Per quel che mi riguardava poteva benissimo finire, pensai. La ferita alla pancia mi faceva un male tremendo. Come se due gemelli in piena salute cercassero di spaccare a calci la cornice della mia limitata fantasia.

- Cosa è successo? Non si sente bene? - chiese la ragazza.

Inspirando lentamente presi la maglietta posata accanto a me e mi asciugai il sudore sulla faccia.

- Qualcuno con un coltello mi ha fatto un taglio di sei centimetri nella pancia, - risposi, con l'impressione di vomitare l'aria dai polmoni.

- Con un coltello?

- Sì, neanche fossi un salvadanaio.

- Chi le ha fatto una cosa del genere, e perché?

- Non lo so. Non ne ho la minima idea. Non ho smesso di pensarci, ma non riesco a capire. Volevo domandarlo a te. Perché tutti mi calpestano come se fossi lo zerbino dell'ingresso?

La ragazza scosse la testa.

- Mi sono chiesto se quei due non fossero per caso dei tuoi conoscenti o dei tuoi amici. Quelli che mi hanno aperto la pancia, cioè.

Per qualche secondo la ragazza grassa mi guardò in silenzio con un'espressione del tutto disorientata. - Come le è venuta una simile idea? - chiese poi.

- Non lo so. Probabilmente volevo dare la colpa a qualcuno. Quando ci succede una cosa assurda, dandone la colpa a qualcuno ci sentiamo meglio.

- Ma non è una soluzione.

- No, non è una soluzione, - ammisi. - Però non è neanche colpa mia. Non sono stato io a mettere in moto tutta la faccenda. È stato tuo nonno a dar fuoco alla miccia. Tirando in mezzo me. Perché la devo trovare io, la soluzione?

Di nuovo un dolore lancinante mi assali, chiusi la bocca e aspettai che passasse. Come davanti a un semaforo rosso.

- La stessa cosa vale per quel che è successo oggi. Mi telefoni all'alba. Mi chiedi di aiutarti perché tuo nonno è scomparso. Io vengo all'appuntamento, ma tu non ti fai vedere. Torno a casa, mi metto a dormire, e arrivano quei due spostati a distruggermi l'appartamento e a farmi un taglio nella pancia. Poi è il turno di quelli del Sistema che mi sottopongono a un interrogatorio. Ed ecco che alla fine ti presenti anche tu. Vi siete messi d'accordo sull'orario o cosa? Cosa siete, una squadra di basket? Quanto ne sai esattamente tu, di questa faccenda?

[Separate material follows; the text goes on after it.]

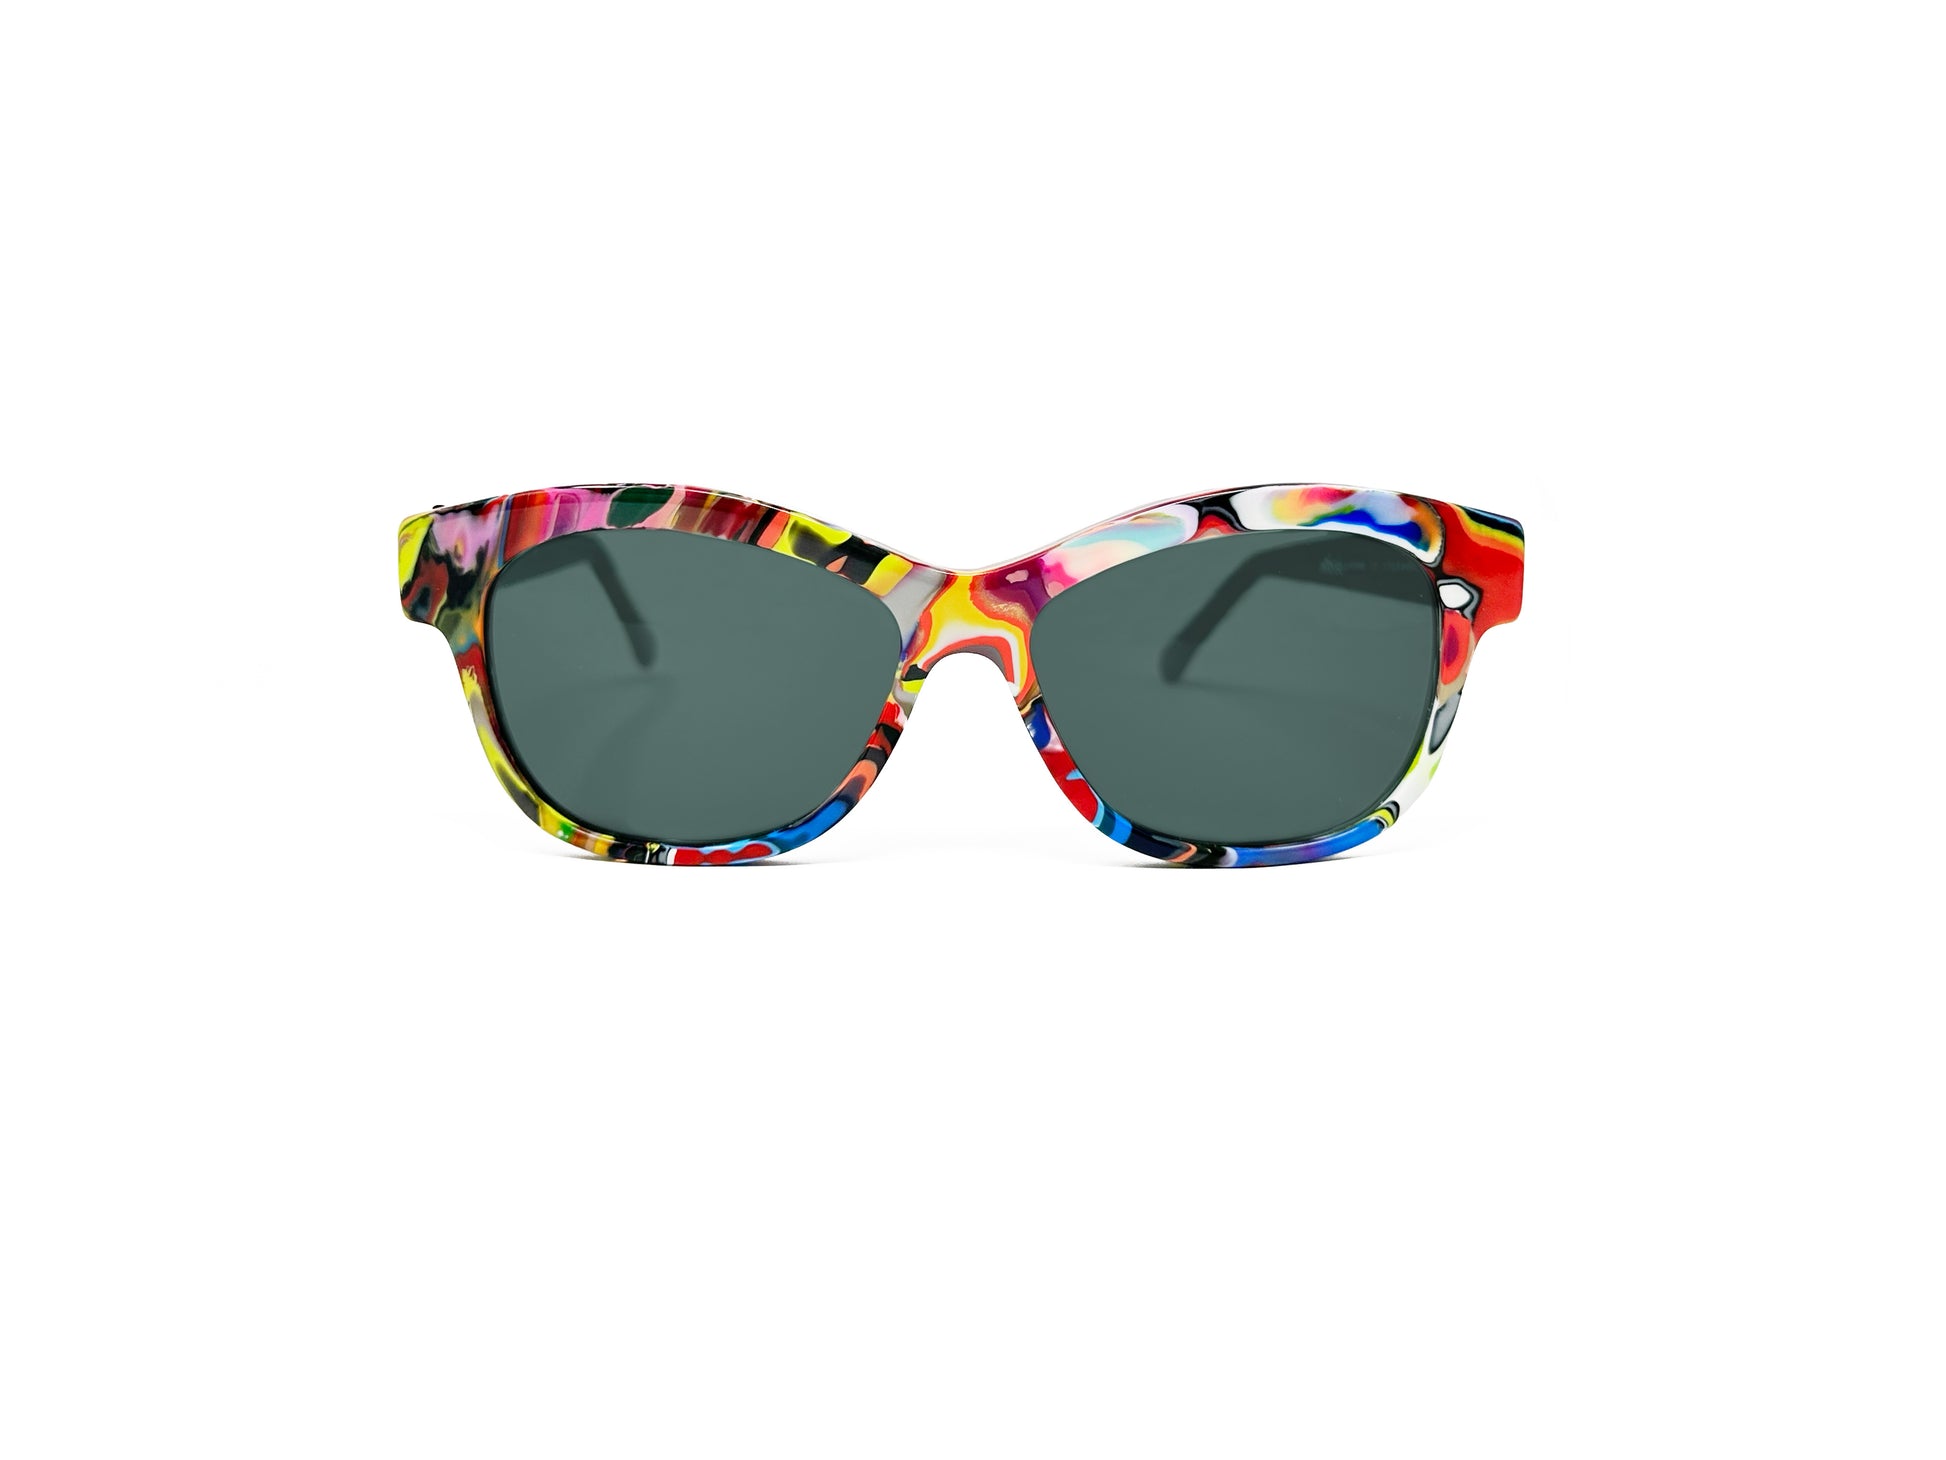 Viktlos rounded-square, recycled acetate sunglass. Model: RC013. Color: 1424 - Multi-colored swirls. Front view.

- A essere sincera, non credo di saperne molto di più di quel che ne sa lei. È vero che davo una mano a mio nonno, ma eseguivo soltanto i suoi ordini. Fai questo, fai quello, vieni qui, vai lì, telefona a questo numero, scrivi a tale persona... niente di più. Non ho la minima idea di quello che volesse realizzare. Come lei, né più né meno.

- Però lo aiutavi nella sua ricerca, no?

- Mi occupavo solo di operazioni tecniche come riordinare i dati. Non ho nessuna conoscenza specialistica, e non capivo niente di quello che vedevo o sentivo.

Picchiettandomi con l'unghia un incisivo, cercai di riordinare le idee. Dovevo trovare una via d'uscita. Dovevo sbrogliare almeno un poco la situazione, prima che mi inghiottisse del tutto.

- Hai appena detto che se non facciamo nulla il mondo finirà. Perché? Come, in che modo finirà?

- Questo non lo so. Me l'ha detto il nonno. Che se gli succedeva qualcosa il mondo sarebbe finito. Mio nonno non è il tipo da dire certe cose per scherzo. Se ha detto cosi, significa che è vero. Mi creda.

- Non capisco, - feci. - Cosa significa che il mondo finirà? Tuo nonno ha usato proprio queste parole? Non ha detto per caso: il mondo si estinguerà, o il mondo verrà distrutto?

- No, ha detto proprio «il mondo finirà».

Di nuovo mi picchiettai un incisivo. Passai in rassegna tutte le mie idee riguardo alla fine del mondo.

- E poi hai affermato che... insomma, la fine del mondo in qualche modo è connessa a me, vero?

- Esatto. Il nonno ha detto che lei è la chiave di tutto. Che già da molti anni aveva basato tutta la sua ricerca su di lei.

- Cerca di ricordarti altre cose. La storia della bomba a orologeria, per esempio. Che roba è?

- Quale bomba a orologeria?

- L'ha detto l'uomo che mi ha tagliato la pancia. Che i dati che io ho trattato per tuo nonno sono una bomba a orologeria che esploderà quando verrà il momento. Cosa diavolo significa?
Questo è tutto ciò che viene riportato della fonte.